Photo Credit: Vzmaze
A five-minute virtual reality intervention reduced chest tube removal pain in patients who underwent coronary artery bypass grafting.
Virtual reality can help ease the pain of chest tube removal (CTR) for patients undergoing coronary artery bypass grafting (CABG), researchers in Iran report.
“The application of VR distraction techniques can be effective in reducing the intensity of pain caused by CTR in patients undergoing CABG,” lead study author Zahra Dalir, PhD, and coauthors wrote in Scientific Reports. “This technique can serve as an effective, accessible, and cost-efficient non-pharmacological approach for managing pain in these patients.”
For the study, Dr. Dalir and colleagues enrolled 70 patients undergoing CABG at two hospitals in Mashhad, Iran, in 2020 and randomized them into two groups of 35. Participants were well matched in both groups, averaging early- to mid-fifties in age and predominantly male (~70%).
Both groups reported similar levels of anxiety and stress, fatigue, and pain before CTR as measured by the Depression Anxiety and Stress Scale-21 (DASS-21), the Rhoten Fatigue Scale (RFS), and the Visual Analogue Scale (VAS), respectively. In about 75% of patients, the chest tube was inserted in the pericardium, and in about 25%, the site was the mediastinum.

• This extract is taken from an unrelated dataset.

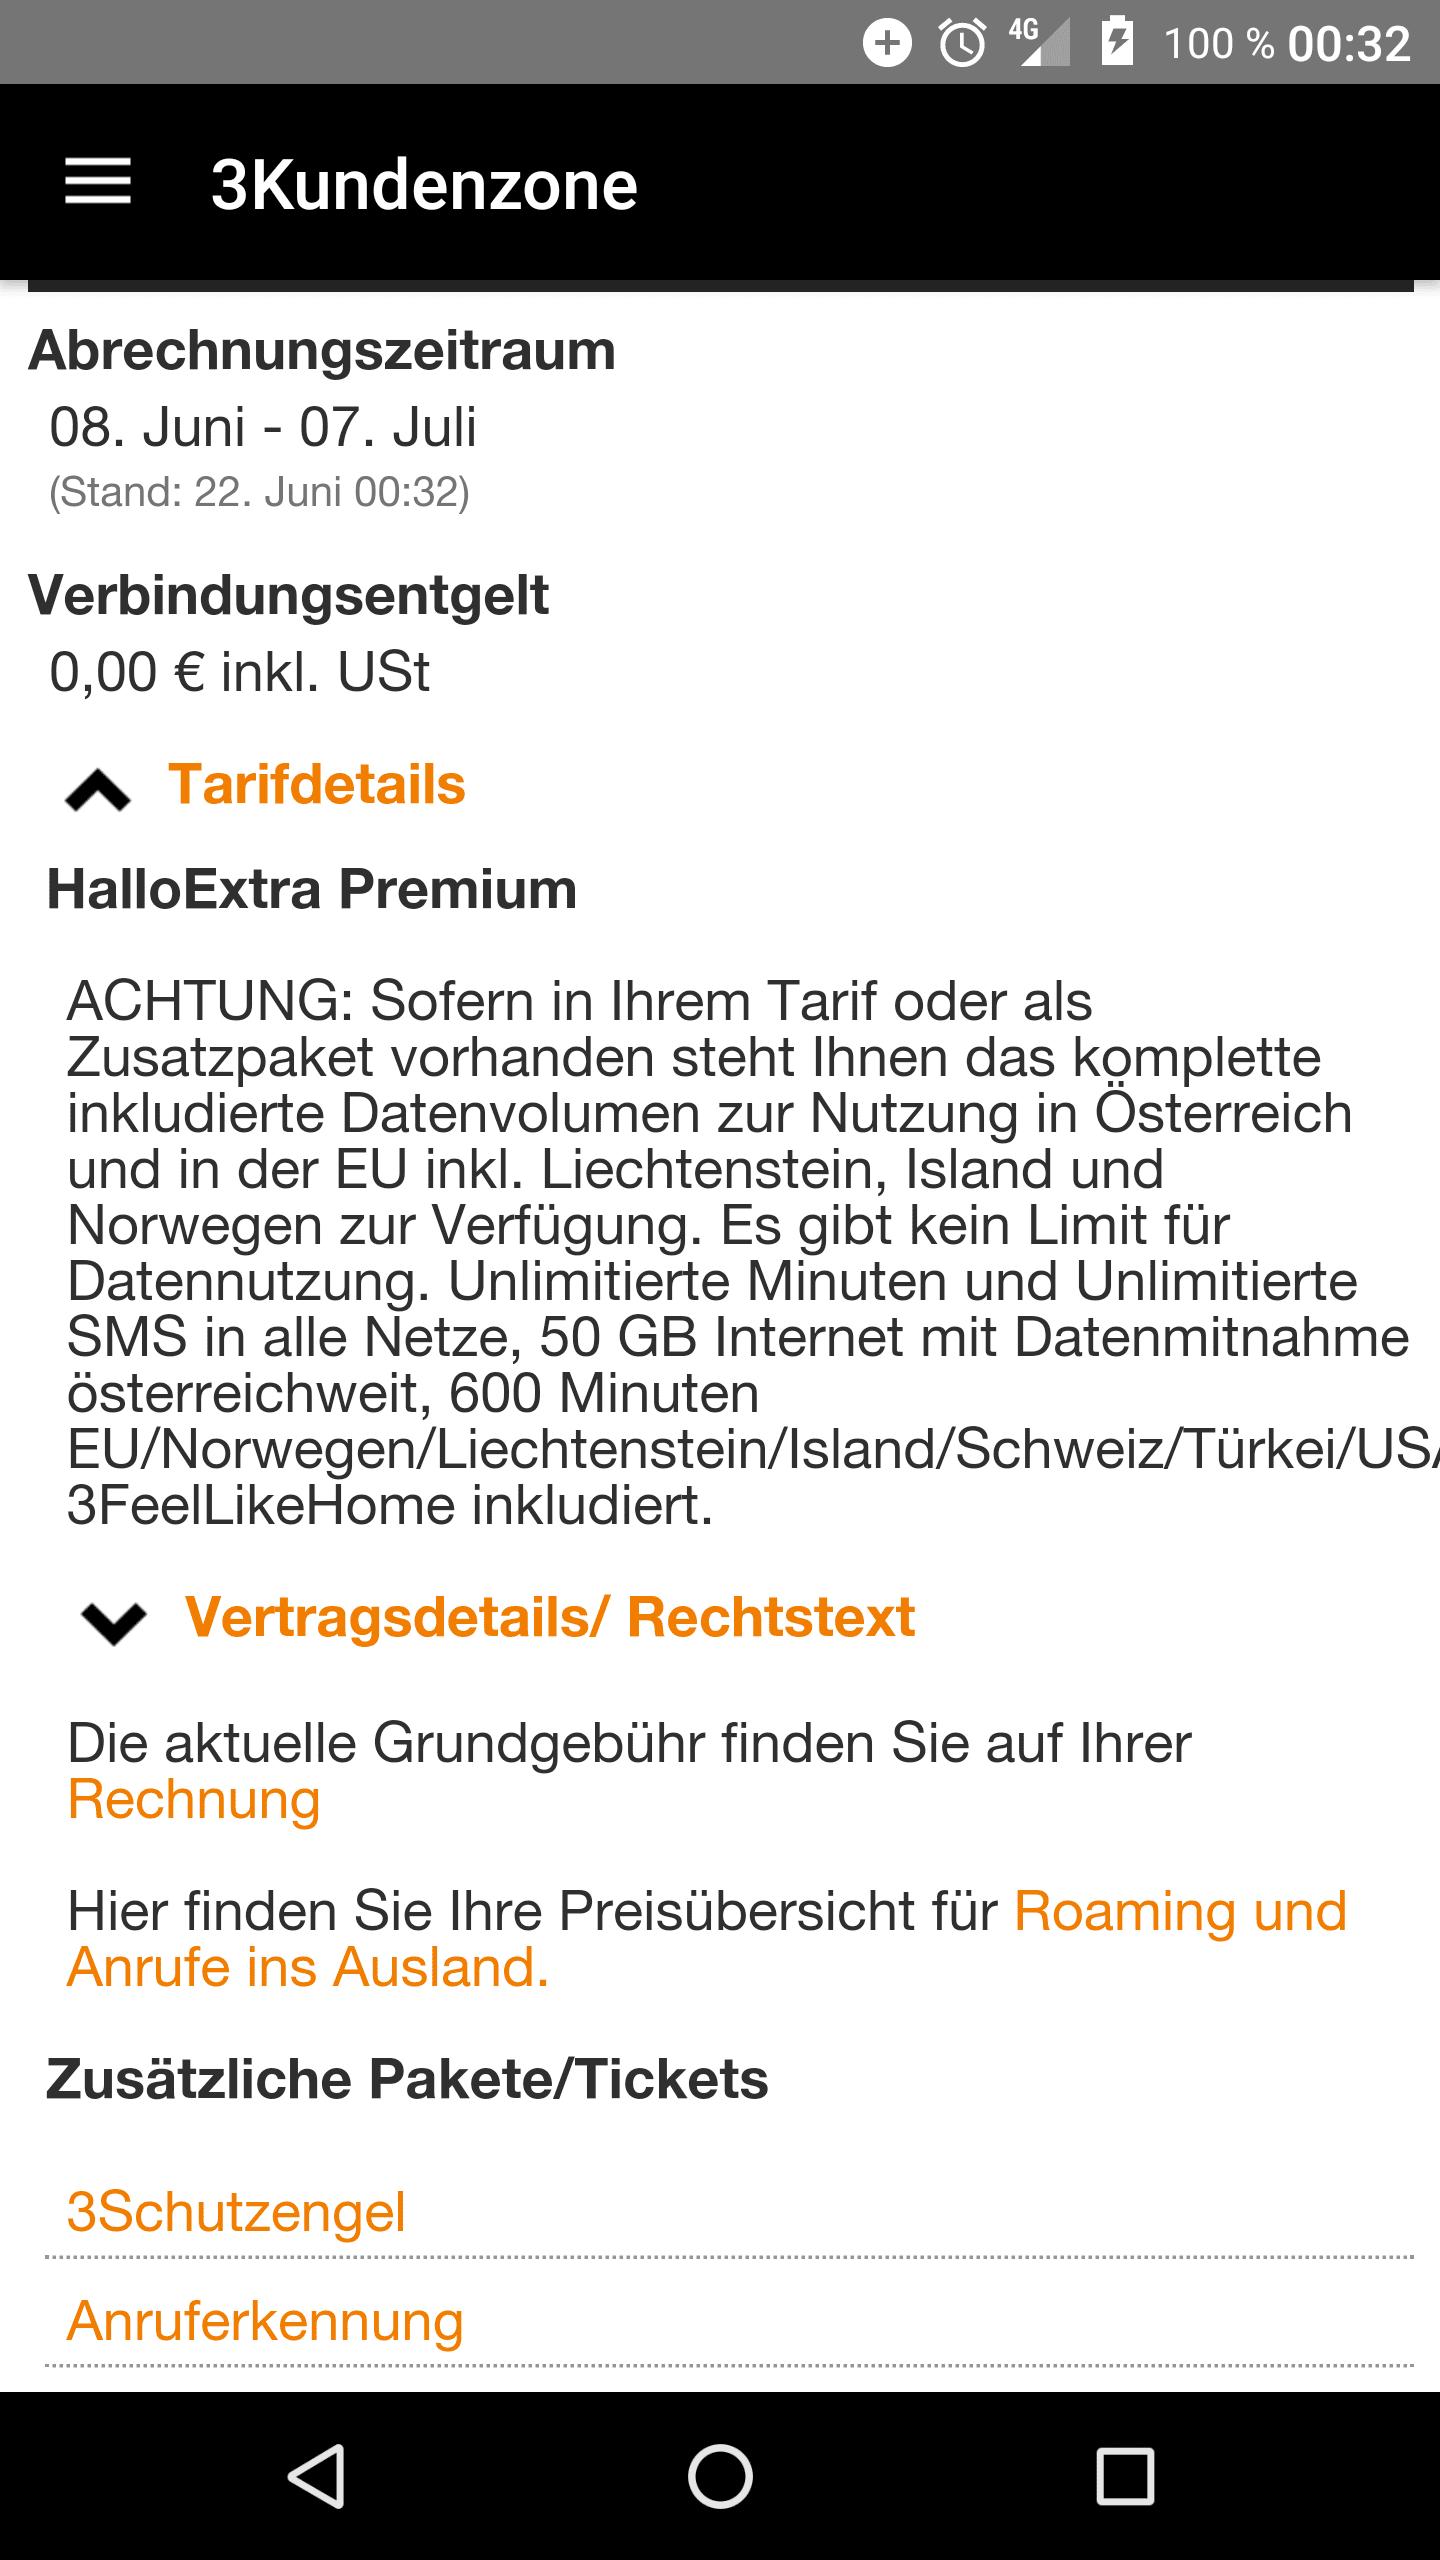 Eu Roaming Datenguthaben Lte Forum österreich

Dr. Dalir and colleagues used VAS to measure pain intensity. After researchers recorded the intervention group’s baseline pain intensity, patients put on VR glasses (Shinecon G04BS, China) and watched a 360° natural-landscape video for at least 5 minutes. After the fifth minute, a nurse supervised by a CABG surgeon removed the chest tube. Investigators then stopped the video playback, removed the VR glasses, and recorded pain intensity immediately and 15 minutes after CTR.
By contrast, the study team encouraged patients in the control group to breathe deeply and hold their breath to distract them and reduce lung collapse. Dr. Dalir and colleagues measured their pain intensity using the same scales and time intervals as the intervention group.

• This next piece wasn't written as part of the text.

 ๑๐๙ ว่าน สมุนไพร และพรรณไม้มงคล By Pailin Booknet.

The average pain intensity score of patients in the intervention group significantly decreased immediately and 15 minutes after CTR, compared to the control group (P<0.001).

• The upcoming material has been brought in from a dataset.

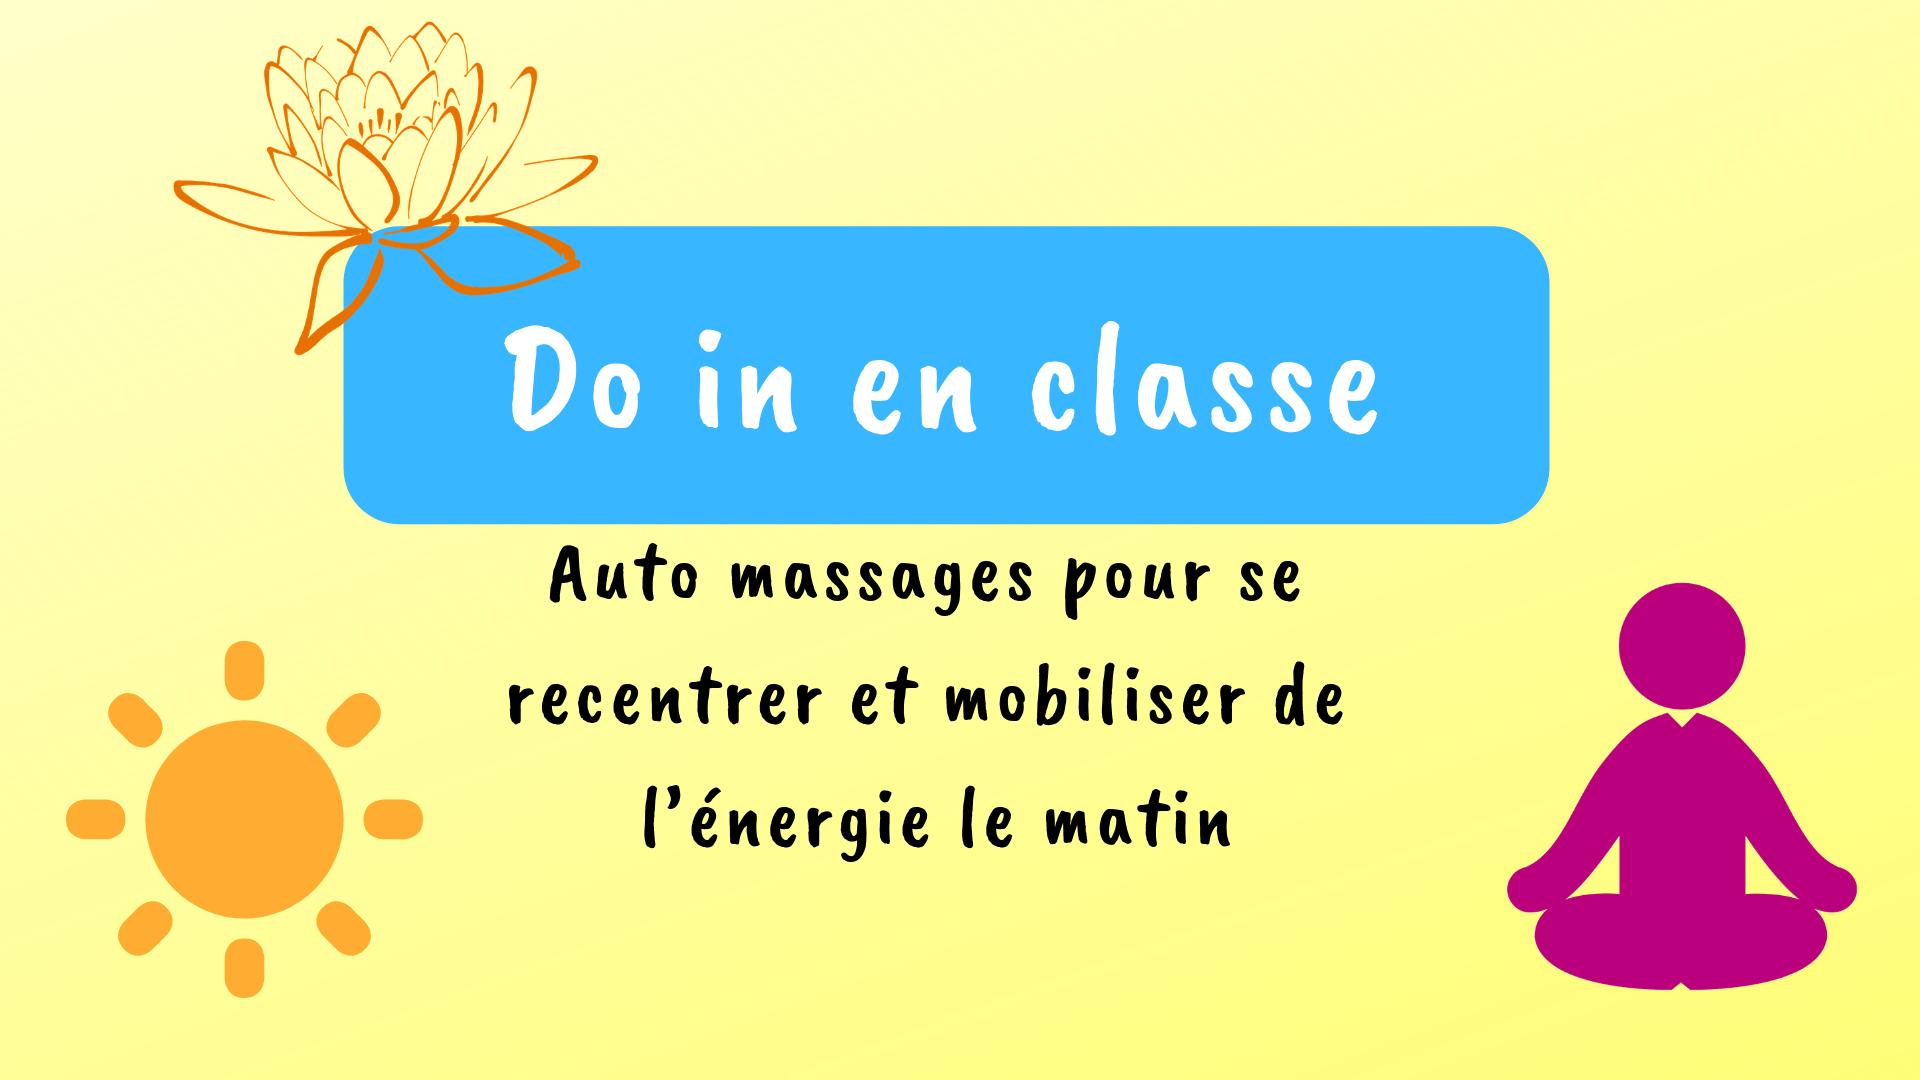 Do in en classe auto massage

Mann-Whitney test results showed that the difference in the pain intensity scores decreased in the intervention group by 1.5 and increased in the control group by 0.3 immediately after CTR compared with the pre-intervention stage (P<0.001). Also, the difference in pain intensity score decreased by 3.7 in the intervention group and by 2.1 in the control group at 15 minutes after CTR compared with the pre-intervention stage (P<0.001). (Table)
Results Support Wider Adoption
For Aman Mahajan, MD, PhD, MBA, a professor of anesthesiology and perioperative medicine who was not involved in the study, “the results are encouraging, as pharmacological treatments are not always effective in mitigating pain during these procedures.”
“VR in healthcare has seen increased interest recently, and technology has become better, cheaper, and more accessible to clinicians and patients,” says Dr. Mahajan. “This study offers insight into managing acute pain in a commonly performed procedure in a distinct cardiac surgical patient population, further expanding the applicability of VR. VR provides all clinicians with another valuable non-opioid–based pain management approach for patients.”
Dr. Mahajan calls the study well-designed but is interested in the cost-effectiveness of the VR technology, especially when compared with other pain management options. He said it would also be valuable to know how the various types of available VR technologies compare in efficacy.
“VR technology’s benefit has remained limited when it comes to its large-scale adoption for pain relief in clinical practices. There may be several reasons for this, and addressing cost-effectiveness is an important one,” he advises. “Clinicians should consider use of VR-based pain approaches as primary or adjunctive therapies, especially when they want to avoid or reduce opioid use in their patients.”